The doubling of Bitcoin’s price in 2019 means that many investors may be wondering whether to buy it. A significant problem with the virtual currency, however, is that its price is dependent upon investor sentiment rather than data. This means that it is not possible for an investor to deduce whether it offers good value for money at a specific time.
By contrast, there are a number of FTSE 100 shares that appear to be trading on low valuations at the present time. Here are two prime examples that could outperform Bitcoin over the long run, thereby improving your chances of making a million.

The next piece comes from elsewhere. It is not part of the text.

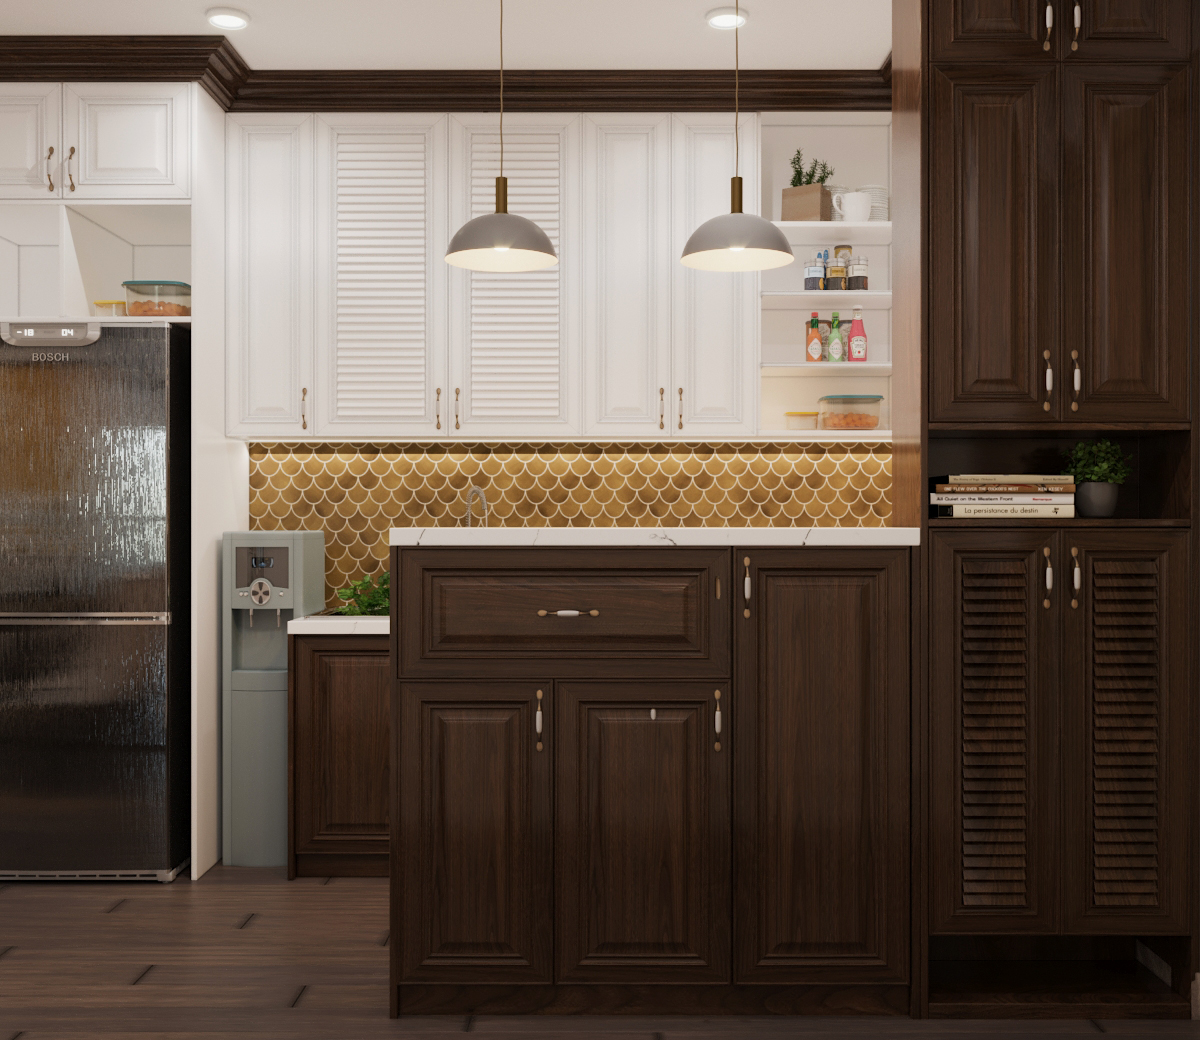 Hệ tủ bếp bằng gỗ màu trắng - nẫu sẫm đan xen giúp cân bằng bảng màu một cách tinh tế.
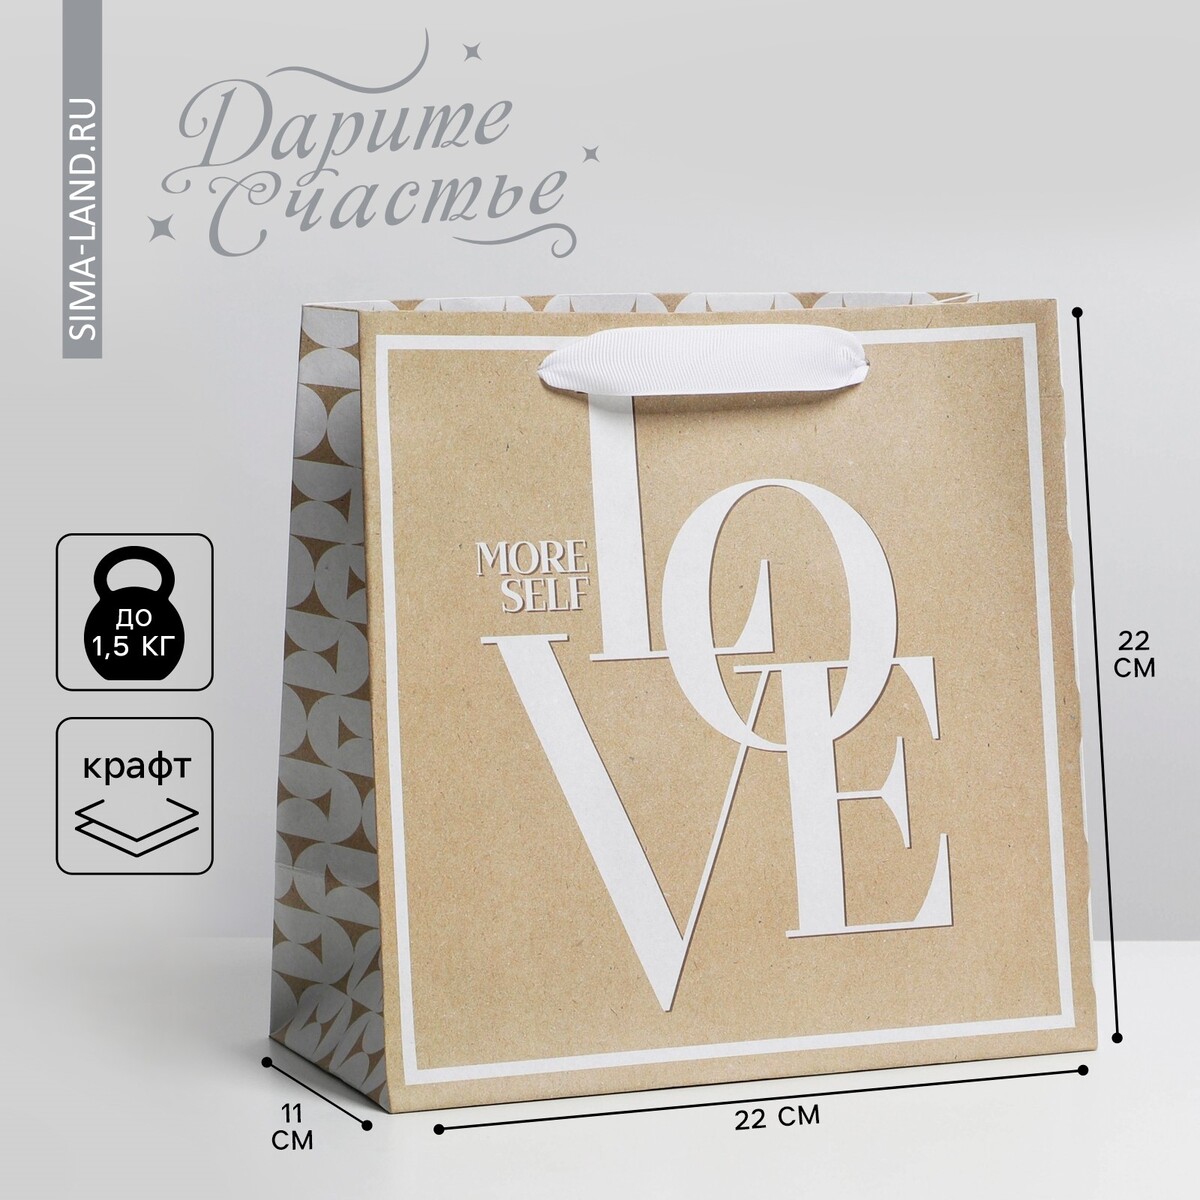 Пакет подарочный крафтовый квадратный, упаковка, пакет крафтовый квадратный beautiful 14 × 14 × 9 см

Generic medicines specialist Hikma (LSE: HIK) recently reported an encouraging set of half-year results. They showed a rise in revenue of 7%, as well as an increase in core operating profit of 15%, when compared to the same half of the prior year.
The company continues to invest in its pipeline, increasing its investment in R&D during the period. This could strengthen its market position, and lead to improving financial performance.
Looking ahead, Hikma is expected to post a rise in its bottom line of 3% this year, with growth of 6% forecast for next year. Since it trades on a price-to-earnings (P/E) ratio of 17, it seems to lack a margin of safety at the present time. However, with demand for its products across a variety of markets likely to increase rapidly over the long run, it could be worthy of a premium valuation when compared to its FTSE 100 peers.
Therefore, now could be a good time to buy a slice of the business. Its relatively low correlation with the wider economy may mean that it offers resilient growth during an uncertain macroeconomic and political period.
Another FTSE 100 share that could offer long-term growth potential is aerospace and defence company Rolls-Royce (LSE: RR). Its share price performance has been somewhat disappointing over recent months.
A key reason for this has been its disappointing updates. For example, its most recent trading update highlighted that it expects its financial performance for the full year to be towards the lower end of previous guidance. This is owing to the cost implications of issues faced within its civil aerospace division, where issues regarding its Trent 1000 engines are ongoing.
Despite this, the performance of the remainder of its business has improved over recent months. This means that it is on track to generate at least £1bn in free cash flow in 2020, which is in line with its overall plan.
Rolls-Royce currently trades on a price-to-earnings growth (PEG) ratio of just 0.4. This suggests that while its share price performance may continue to disappoint in the short run, it could produce capital growth over the long run that makes it a worthwhile purchase at the present time.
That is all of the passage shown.